Reviewed by Iris Aikaterini Frangou

The focus of Danielle Bella Ellison’s paper “Nationalism in the Arab Spring: Expression, Effects on Transitions, and Implications for the Middle East State; A Comparative Analysis of Egypt and Libya” is on nationalism; in particular she examines whether the status of a state as a nation-state or not is a central factor to the determination of the viability of a country, following a period of political disruption and regime fracture.

The author engages in a comparative analysis of Egypt and Libya, two countries in the MENA (Middle East and North Africa), which display vastly divergent levels of nationalism, to show how nationalism contributed to the determination of their trajectories following the eruption of the Arab Spring. The contrasting levels of nationalism are primarily manifested through the discourse of uprisings, the cleavages that came into being and have become more pronounced over the respective transitional periods along with the demands by key actors, and finally, the violence and the future of the states, accordingly. These three domains constitute the three hypotheses that Ellison formulates in her paper as mechanisms for basing and carrying out her comparative analysis. The hypotheses are consistent with the existing literature on nationalism in the Arab Spring and more generally, on the role of nationalism in political transitions.

More specifically, the first hypothesis through which Ellison’s investigation on Egypt and Libya begins is on the discourse of the uprisings. It examines how mobilization takes place and where identity becomes evident and then crucial to this process of political mobilization. The second hypothesis that Ellison makes, on cleavages and demands, focuses on the intermediate steps involved in transitions and in particular, on the manner in which political, social, and military groups join or separate to confront the power vacuum generated by the collapse of an old regime and to establish a new governing order. The third and final hypothesis, on violence and the future of the state, engages with existent literature in reflecting upon the long-term vivacity of a post-revolution state under several circumstances, on whether the establishment of a new stable government is probable, and upon whether the violence which has been produced as a result of the transition process is likely to abate or escalate, and subsequently endanger the future trajectory of the country.

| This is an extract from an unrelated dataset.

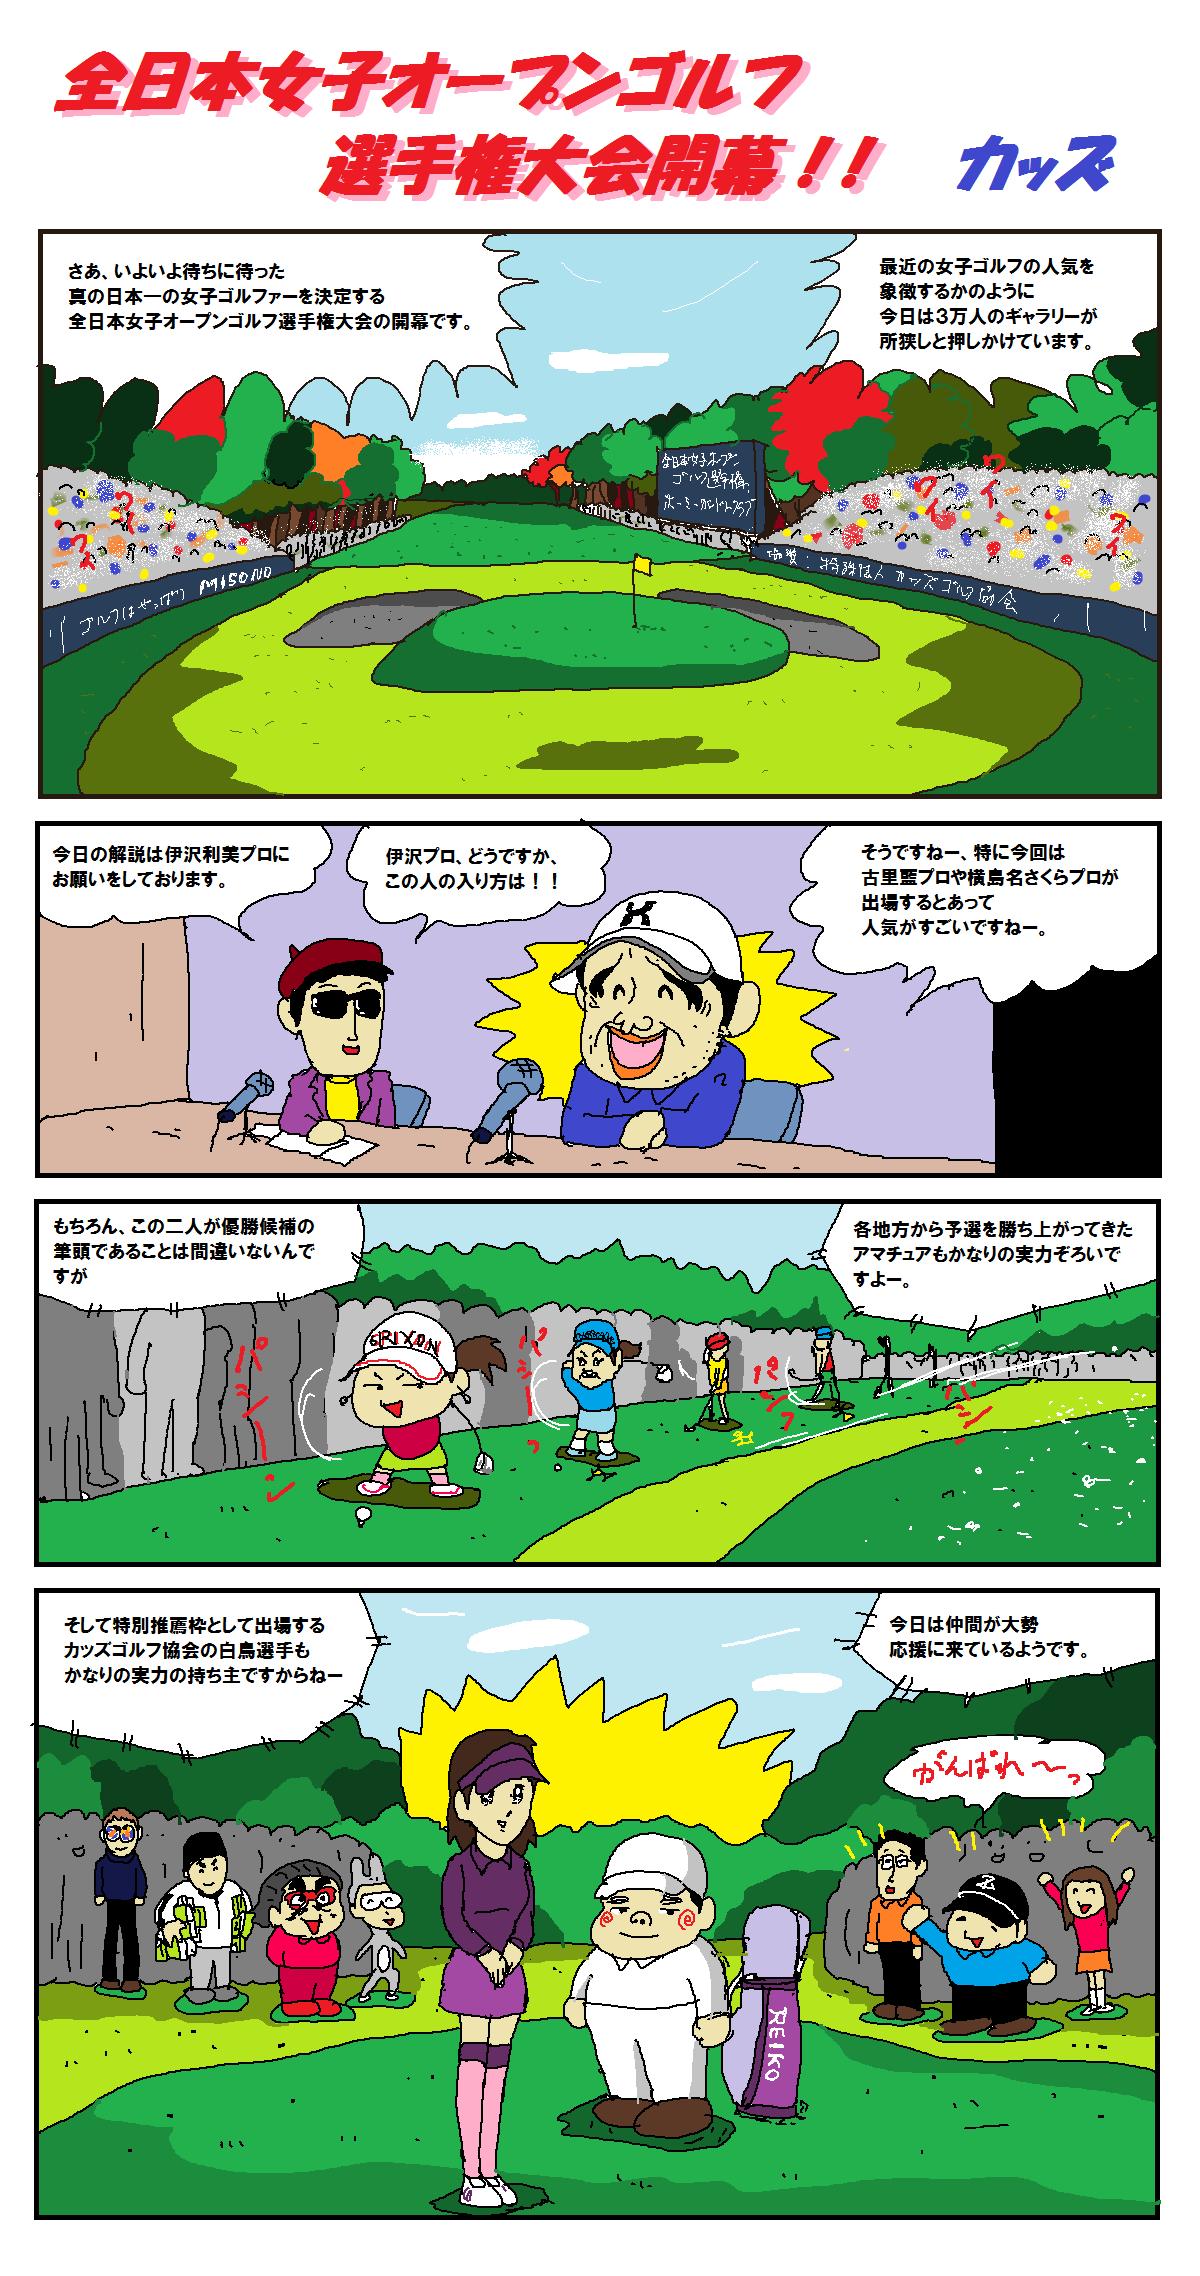 全日本女子オープンゴルフ選手権

The author’s investigation concludes that the independent variable of the existence or non-existence of nationalism in a given country will, through the three mechanisms outlined above, impact the dependent variable regarding the likelihood of a country undergoing conflict and even separation. As Ellison demonstrates however, her findings are not solely specific to Egypt and Libya but can be generalized in revealing the role of nationalism in the Arab Spring overall.